Instruction for the entries below: return the part that opens with the line containing "Kunstpflanze Mica in" and closes with the line containing "rooibos vanilla tea in glass teacup", exactly, and no pictures.

▶ **DATA RECORDS**
---------------

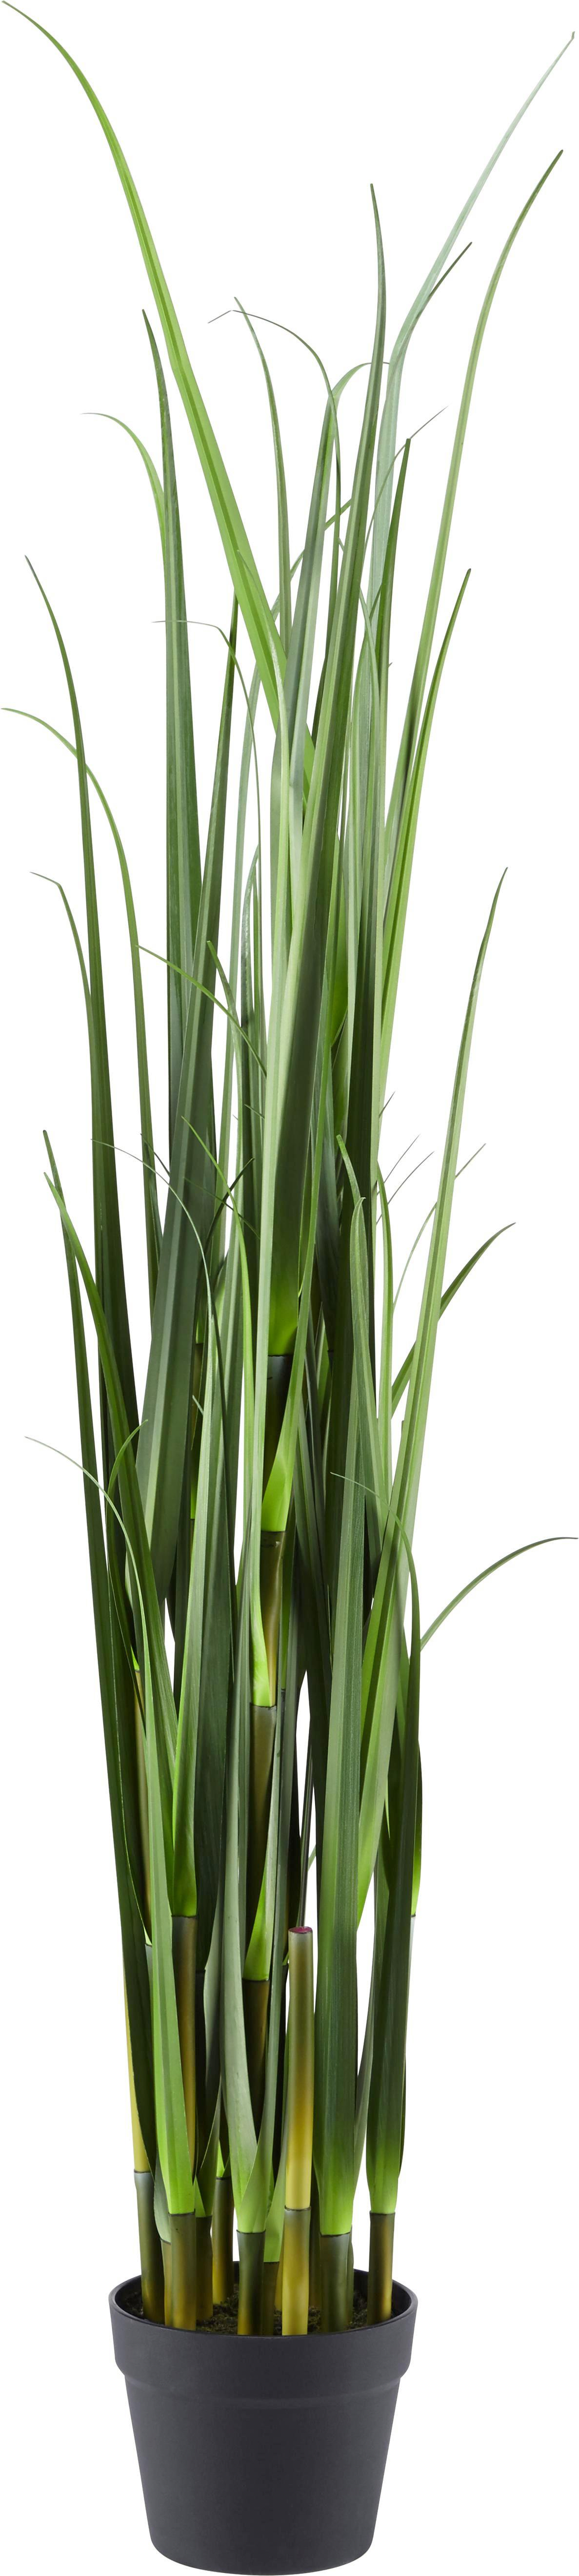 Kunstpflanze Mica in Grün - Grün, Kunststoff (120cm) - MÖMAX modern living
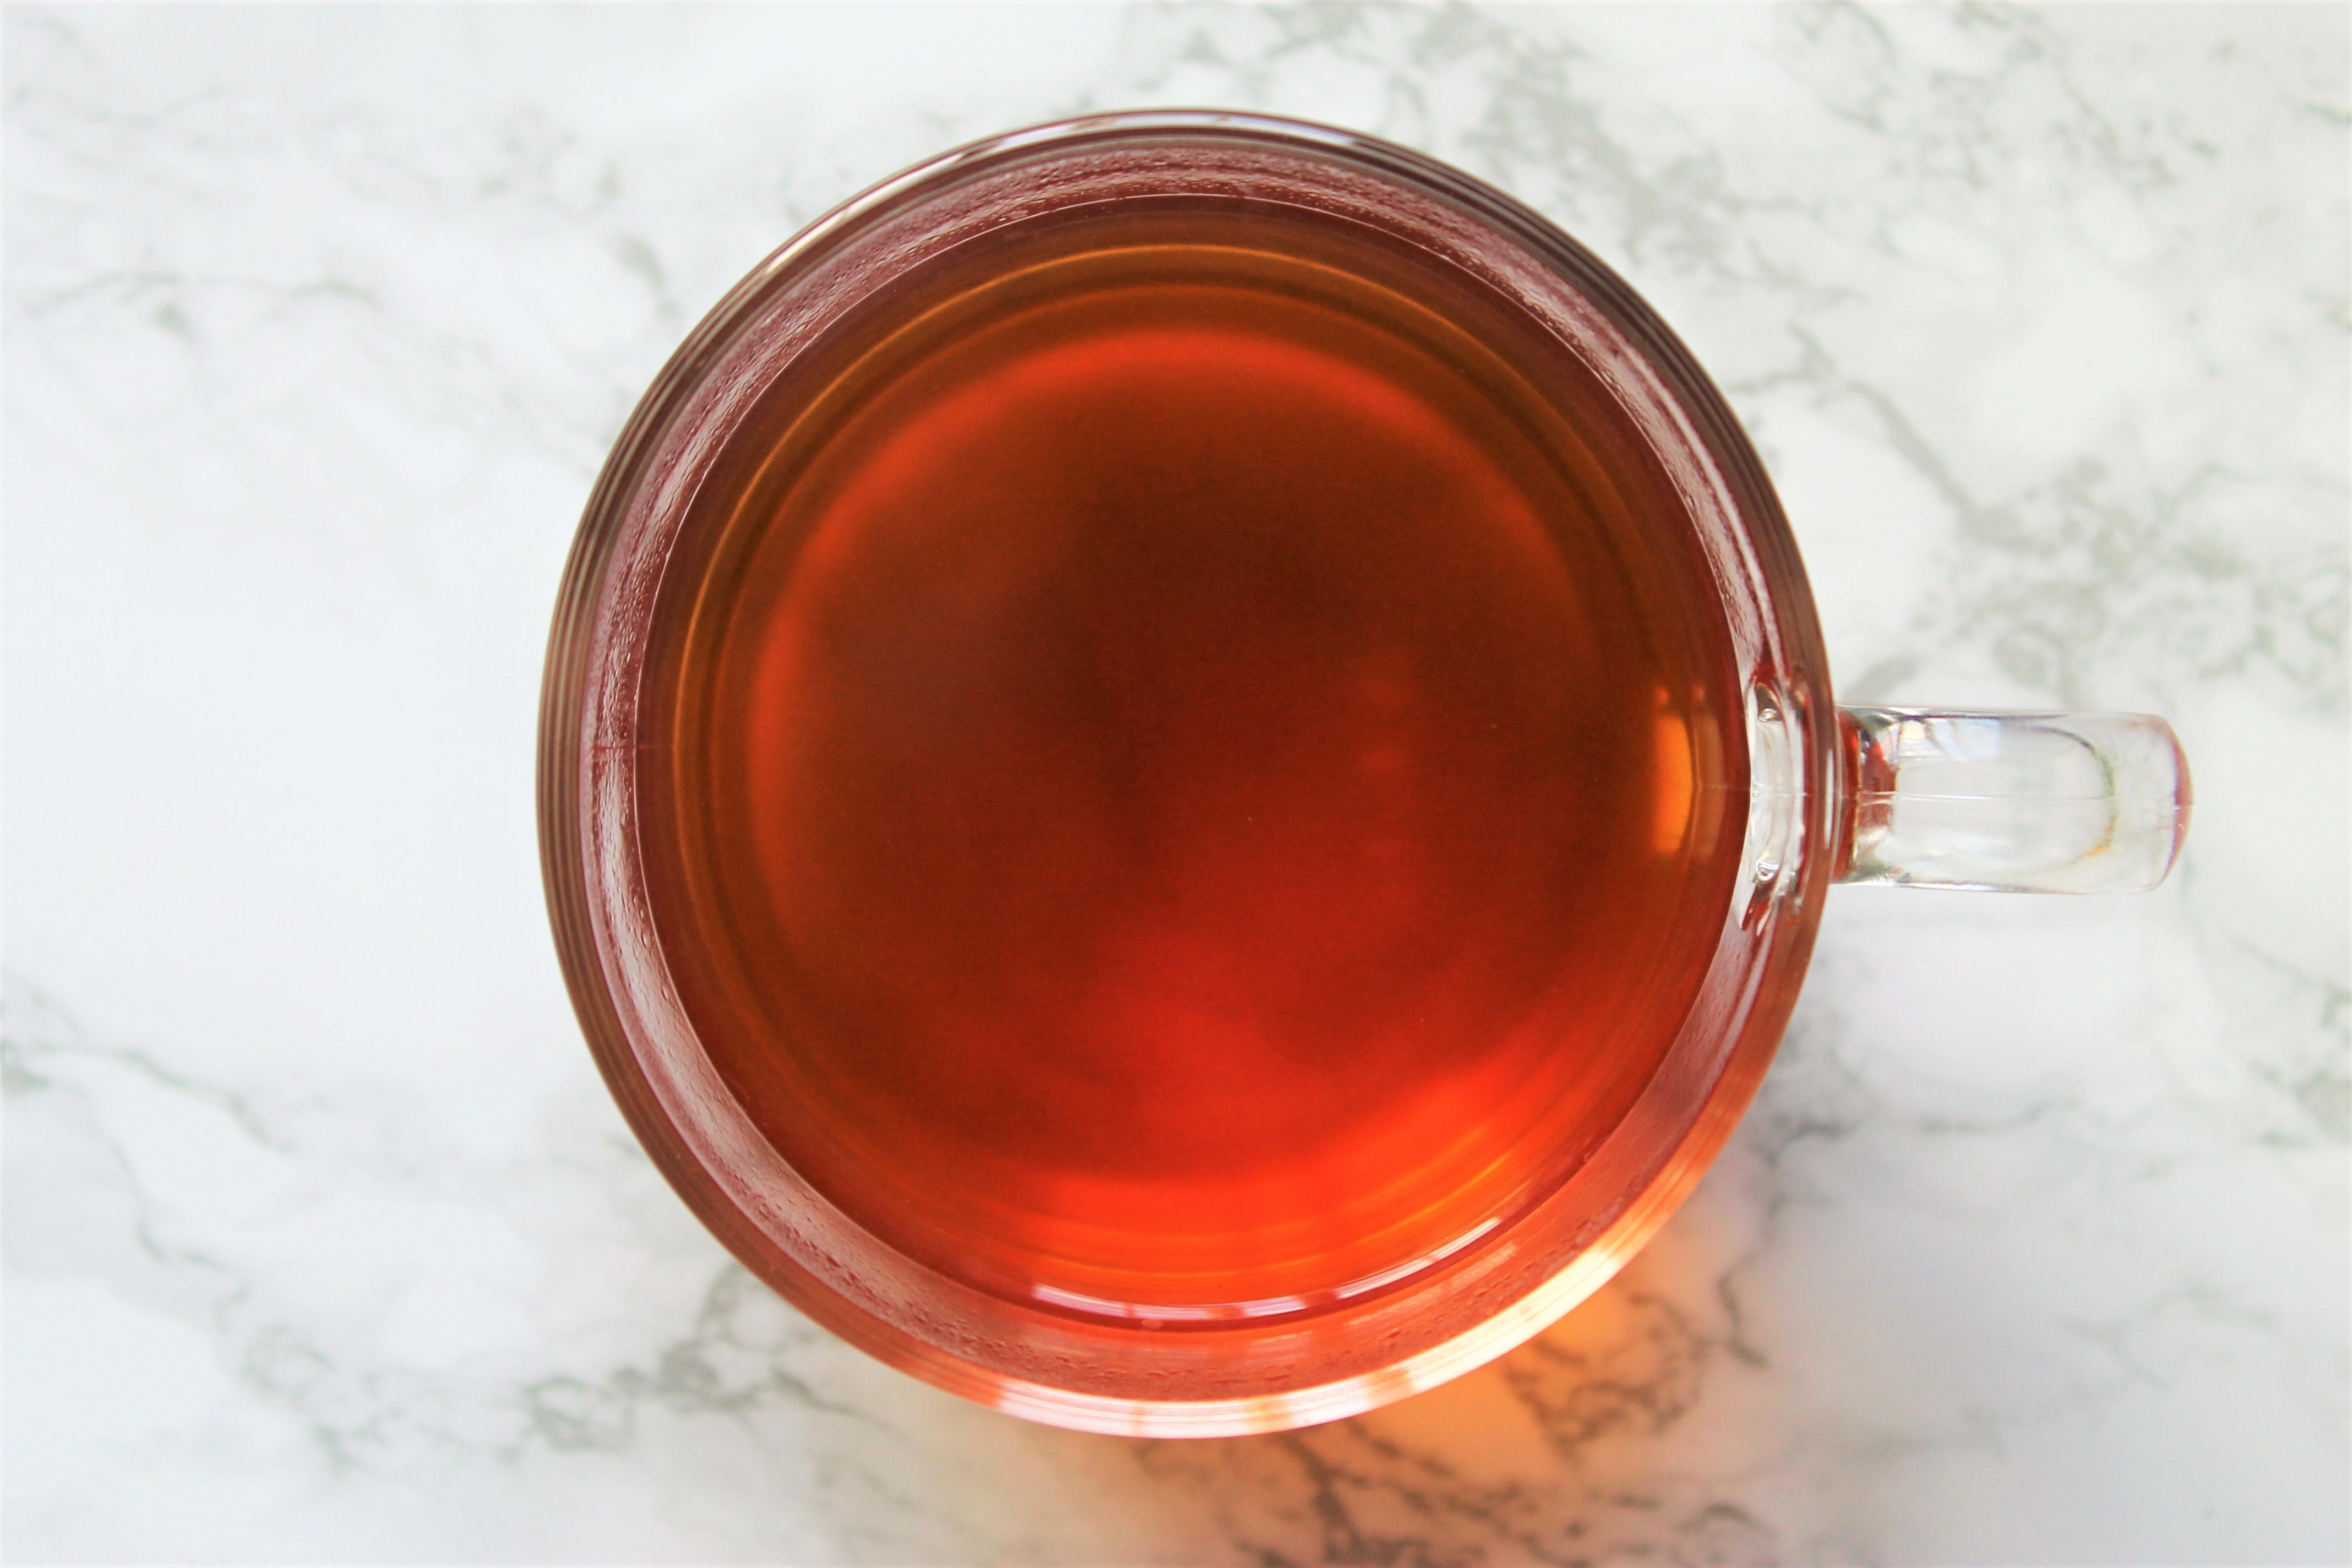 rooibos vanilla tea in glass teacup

---------------

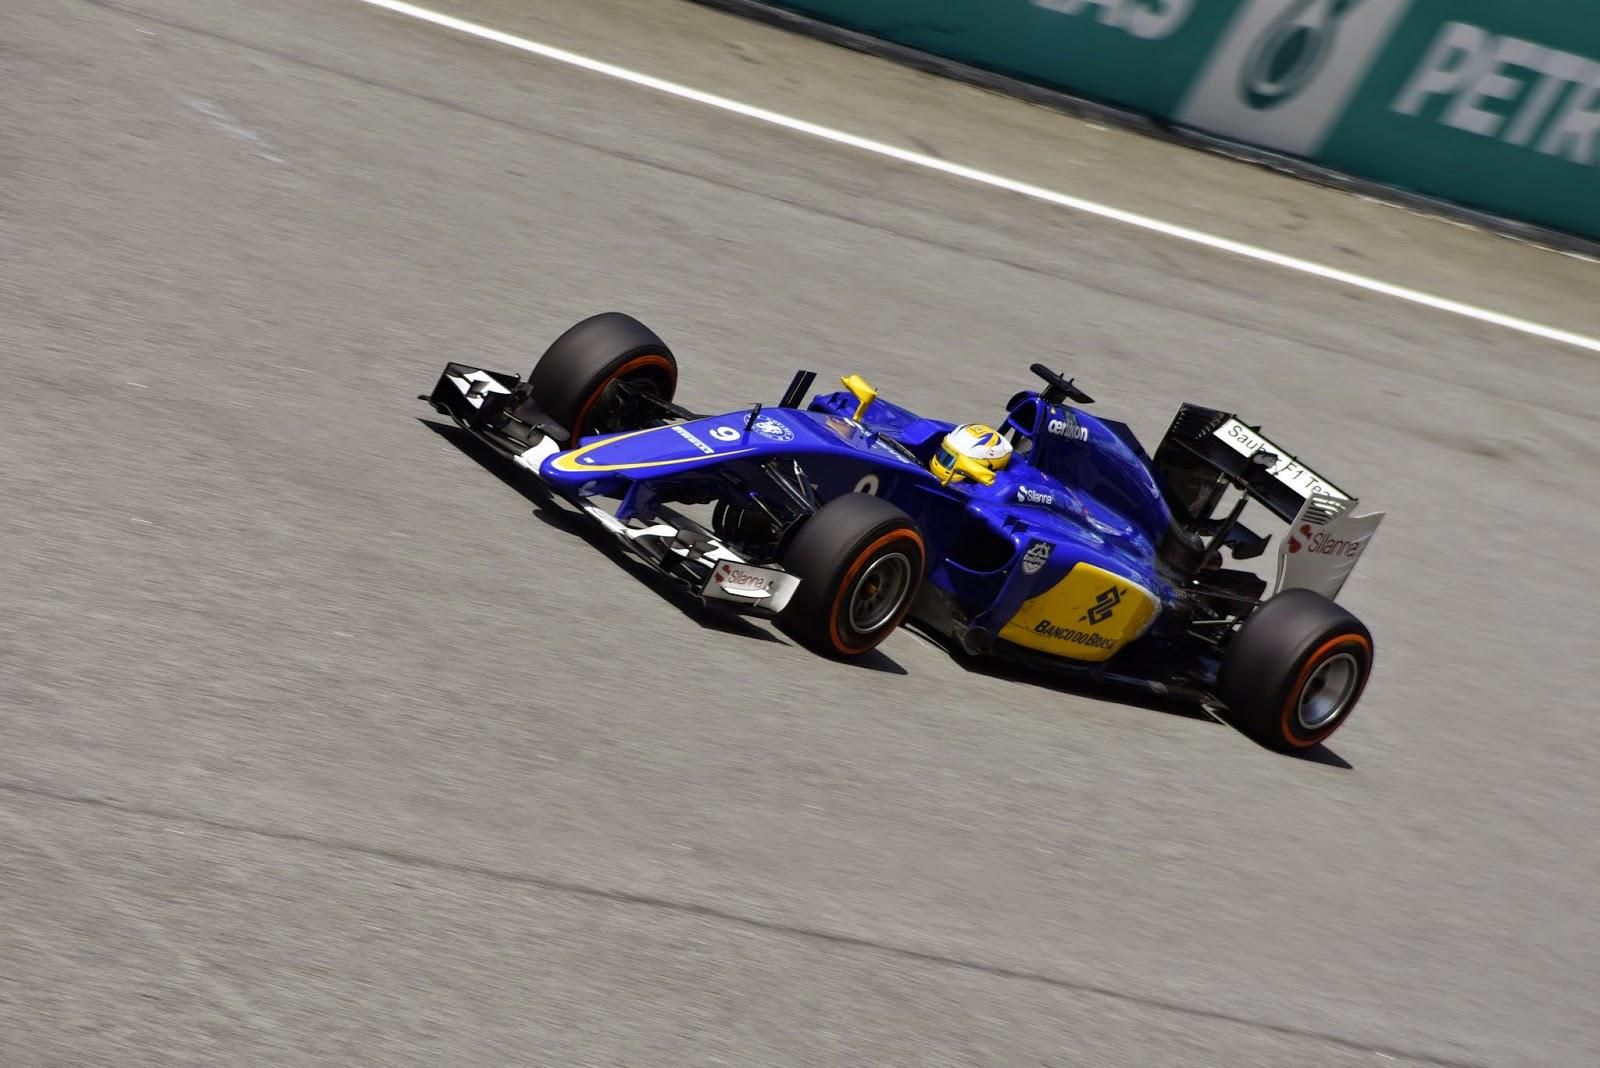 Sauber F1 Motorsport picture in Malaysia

---------------

▶ **RESPONSE AREA**
 Kunstpflanze Mica in Grün - Grün, Kunststoff (120cm) - MÖMAX modern living
 rooibos vanilla tea in glass teacup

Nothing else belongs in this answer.